Three seeds are sowed in polypropylene plastic pots filled with a substrate containing an inorganic mineral base of perlite. After few days from germination, seedlings are removed and only the best ones are kept alive to undergone UV-C irradiation. For the whole experiment, except for the irradiation times, plants should be maintained under controlled conditions. On the basis of UV-C irradiation times, plants are divided into different groups.

To analyze the possible photosynthetic activity changes induced by exposure to UV-C, instantaneous gas exchange measurements are carried out on plants before and after the UV-C treatments by a portable open-gas exchange system on the topmost fully expanded leaf. In order to estimate plant color change caused by UV-C radiation, colorimetric leaves measurements are carried out before and after the UV-C treatments using a colorimeter. According to Sugar and Dussi (1998), color changes is evaluated in the CIELAB space system, measuring the color chromatic coordinates L*, a*, and b*.

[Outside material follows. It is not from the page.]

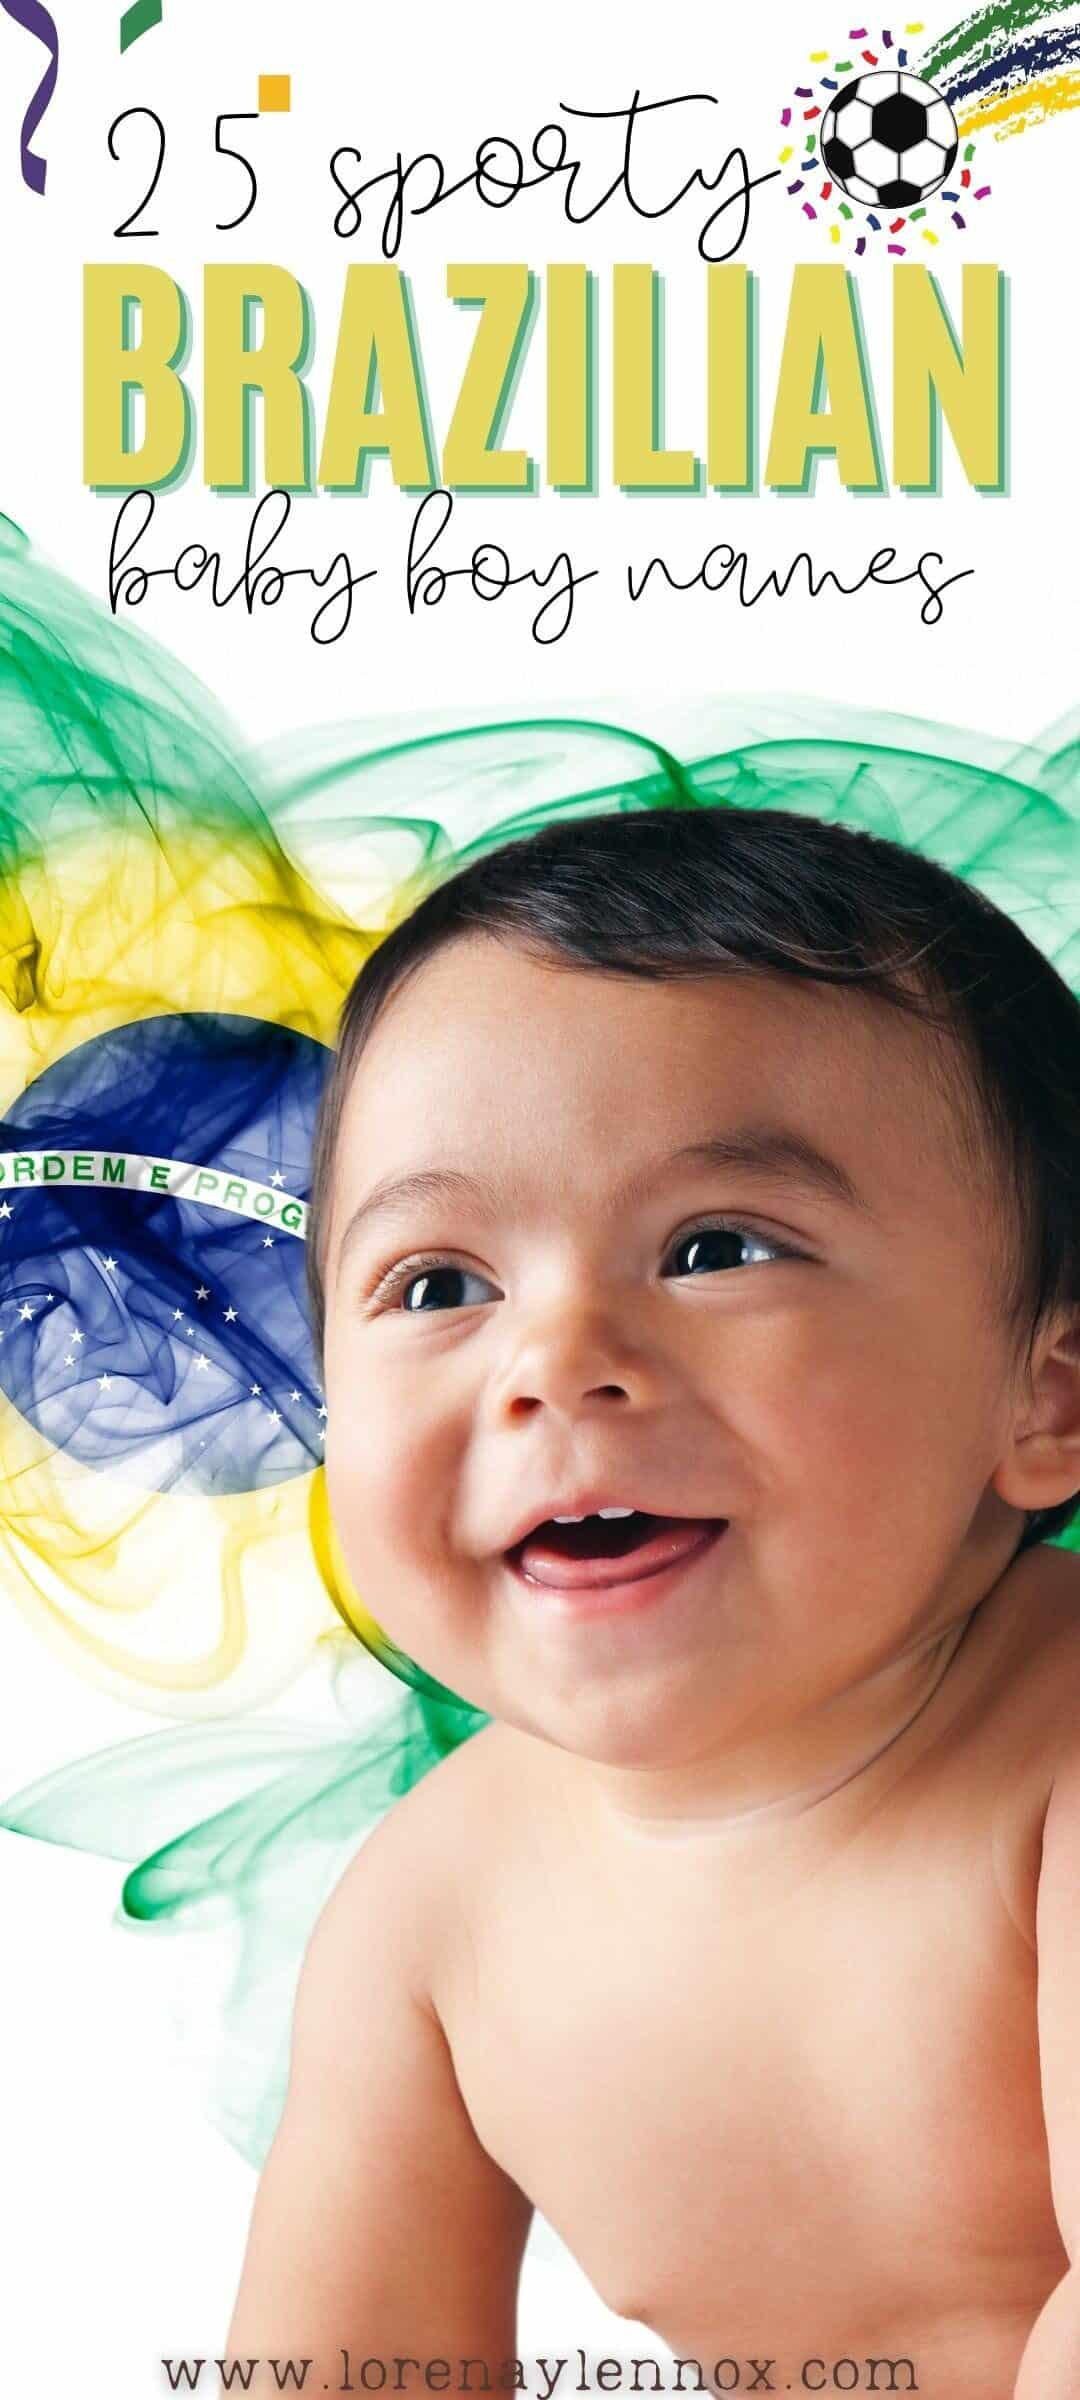 25 Unique Brazilian Baby Boy Names Inspired by Famous Brazilian Soccer Players #babyboynames #Brazilianbabynames #brazilianbabyboynames #Uniquebabyboynames #uncommonbabyboynames

Inter-knot distance, plant height, and shoot diameters are measured some weeks after the UV-C treatment. Subsequently, the root system of each plant are cleaned and kept in an isotonic water solution to avoid drying. The fresh roots are mounted on slides and observed at different magnifications using a compound optical microscope under transmitted light, and then photographed. Images are analyzed to compare root morphology and evaluate descriptive parameters.

2.2 Electric Field

To assess the effect of an electric field on tomato plants (Lycopersicon esculentum Mill.), seeds are firstly sterilized in a solution of 5 % (v/v) NaOCl, rinsed with 95 % ethanol, washed with distilled water, and then put in an inorganic mineral base of sterile sand as solid substrate. The experiments are usually realized in a floating polystyrene vessel with 96 holes. Plants are grown hydroponically in a nutritive liquid medium. After few days from germination, some seedlings are removed and only the best ones are kept alive. Seedlings should be maintained under controlled conditions. The photosynthetic light source is usually a specific fluorescent lamp. Solution volumes are maintained constant throughout the experiment.

Two parallel stainless steel plates are placed in the medium, and they work as electrodes. After some days from the germination, when root length ranged from 1 to 2 cm, seedlings are exposed to a DC EF of 12.0 V m−1 with a current intensity of 10 mA, according to Scopa et al. (2009). The EF is applied continuously directly by a 50 Hz voltage set-up transformer, and monitored by a digital multimeter. Plants not subjected to the EF, grown under the same conditions reported above in another identical polystyrene vessel, are kept as controls.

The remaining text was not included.